▸ **Material provided**:
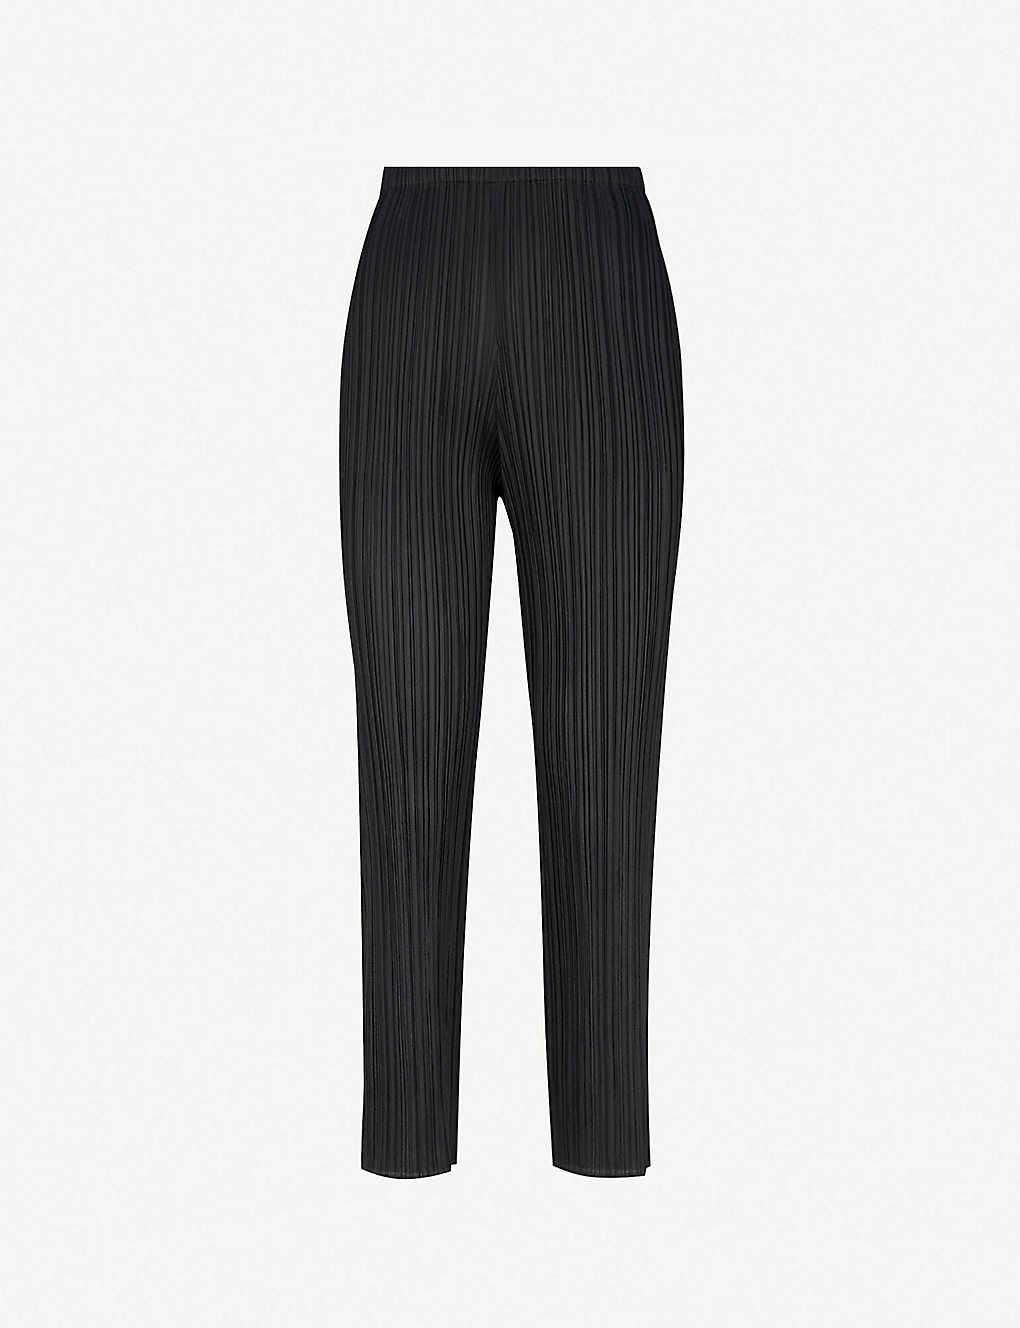 10dc75f371 PLEATS PLEASE ISSEY MIYAKE - Cropped slim pleated trousers | Selfridges.com
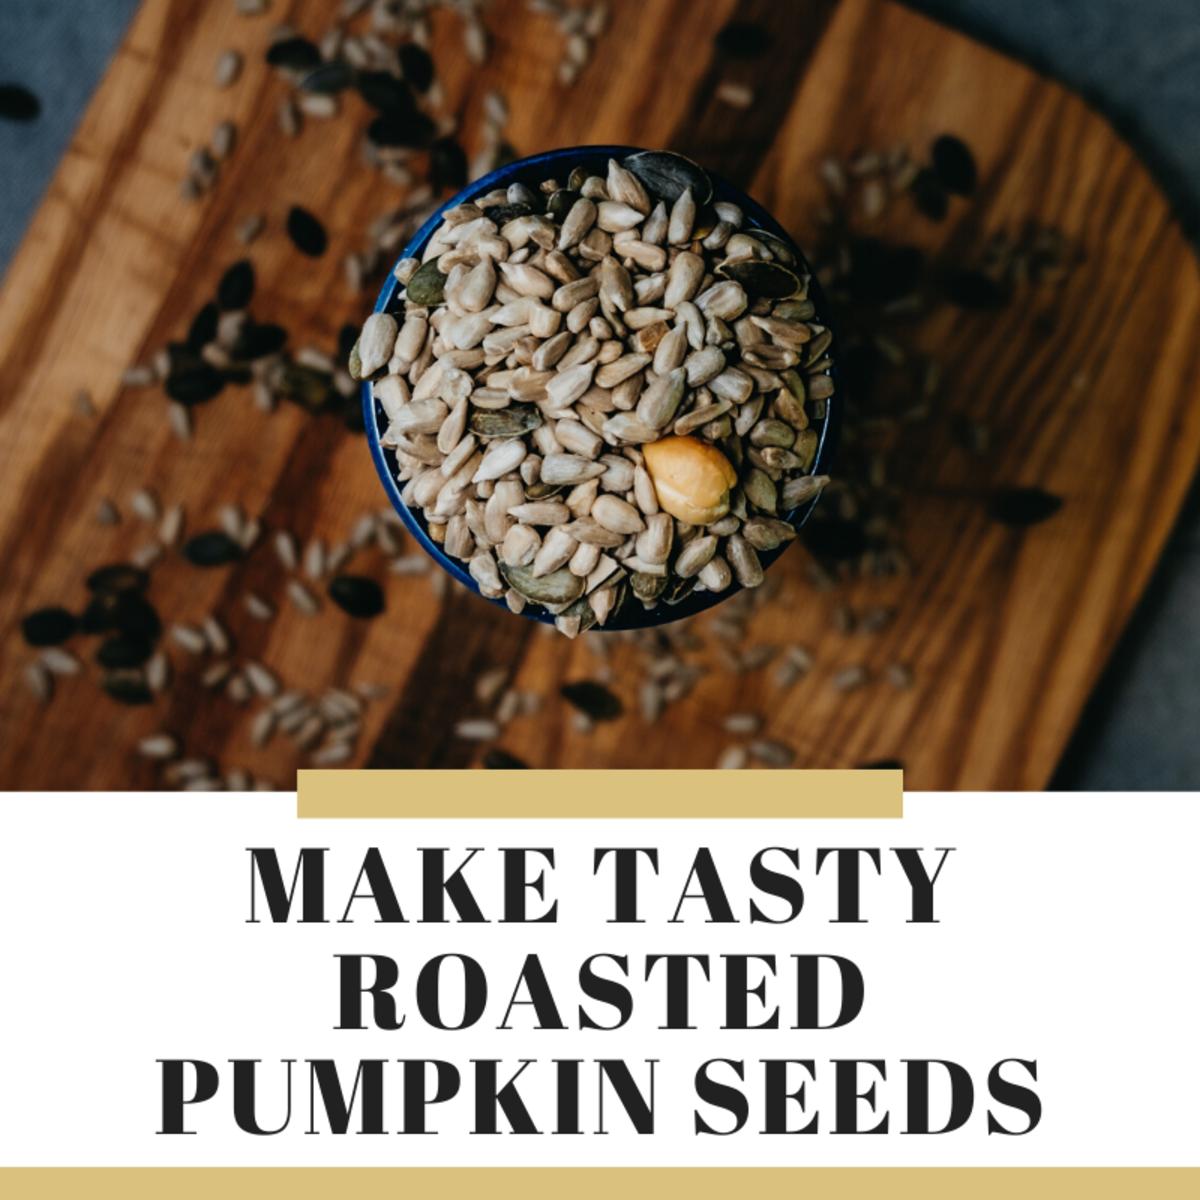 How to Make Tasty Roasted Pumpkin Seeds
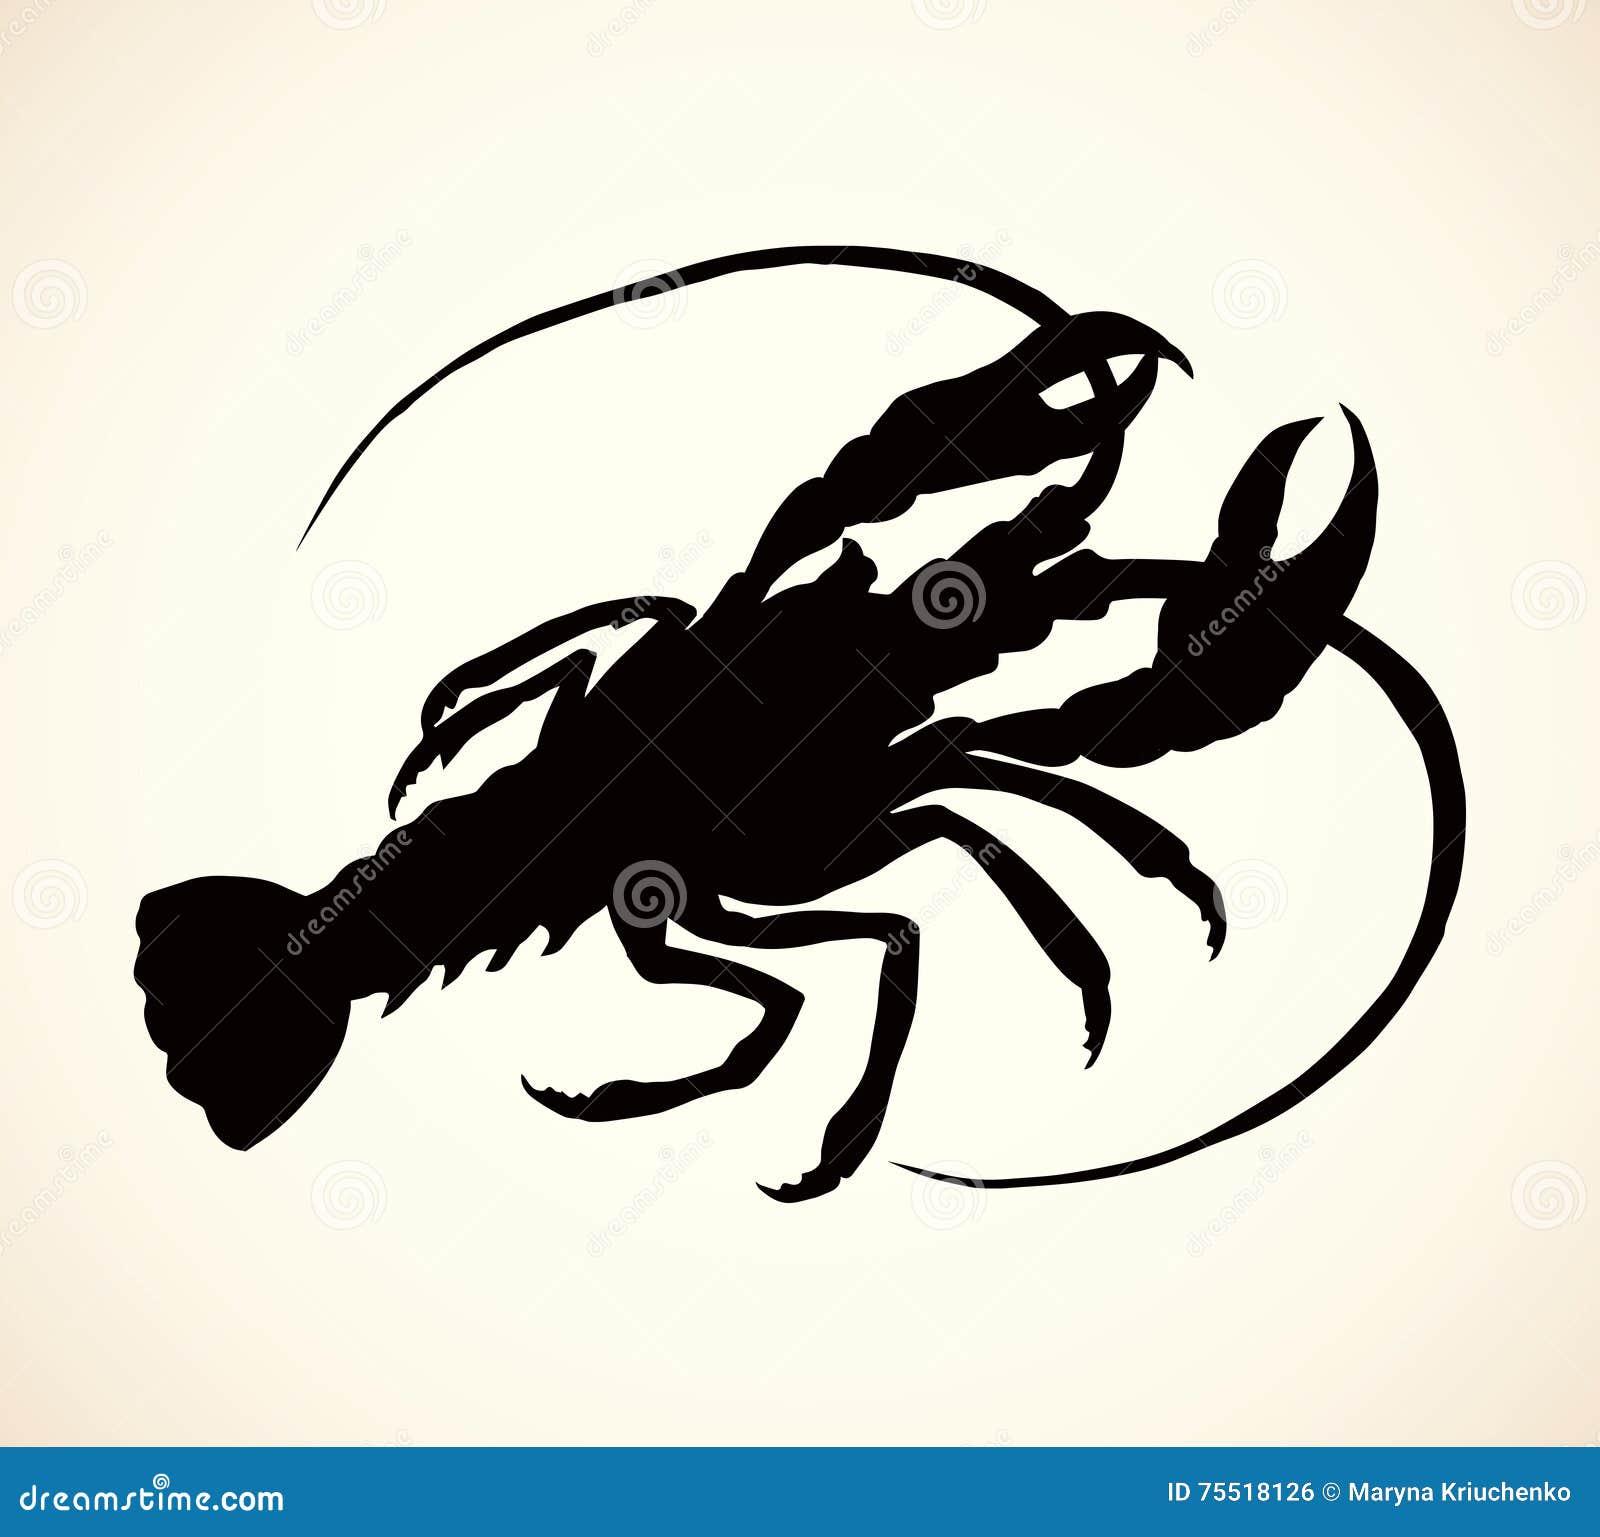 Crayfish. Vector Drawing Stock Vector. Illustration Of
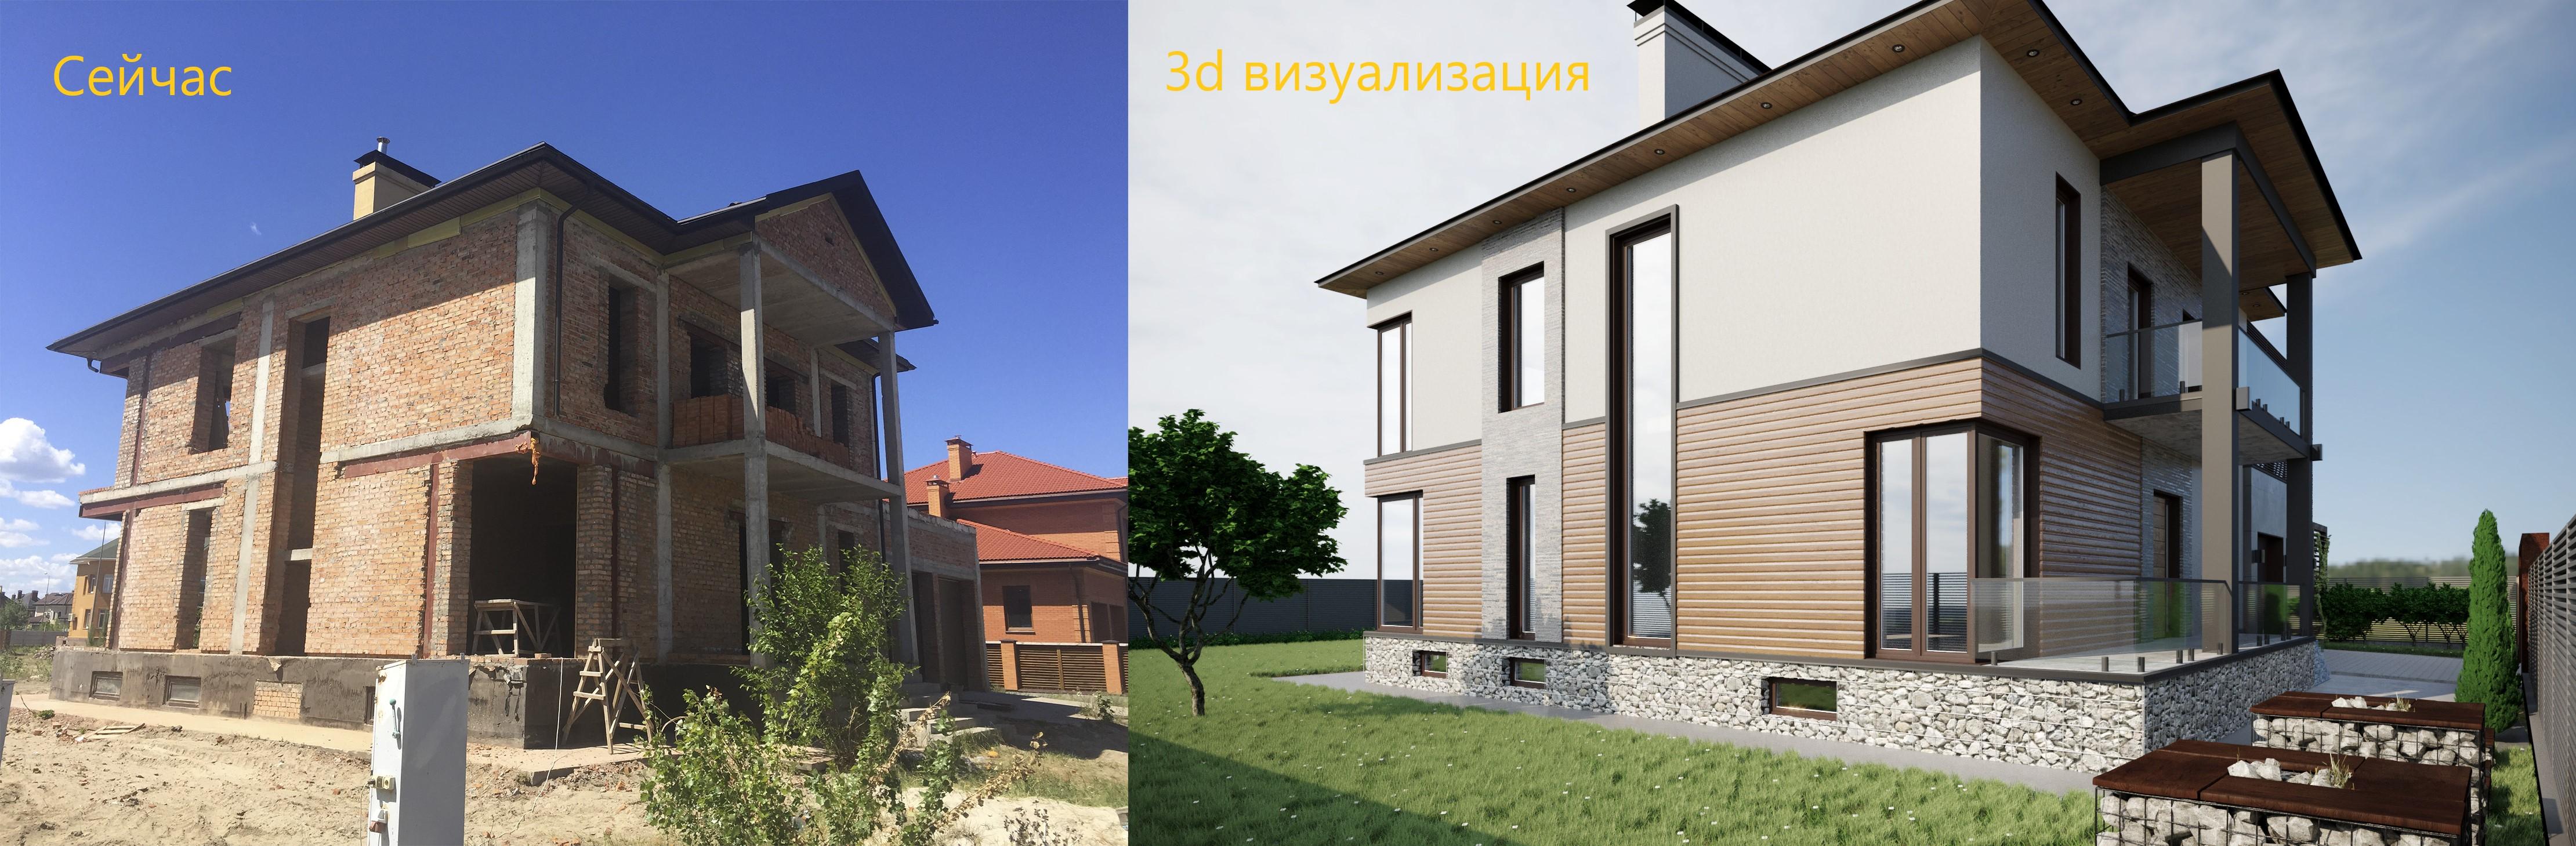 Дизайн проект. Ирина Терещенко. Троещина, слайд 2

▸ **Activity**:
Reprint the listing above exactly, without images.

▸ **Result of the exercise**:
 10dc75f371 PLEATS PLEASE ISSEY MIYAKE - Cropped slim pleated trousers | Selfridges.com
 How to Make Tasty Roasted Pumpkin Seeds
 Crayfish. Vector Drawing Stock Vector. Illustration Of
 Дизайн проект. Ирина Терещенко. Троещина, слайд 2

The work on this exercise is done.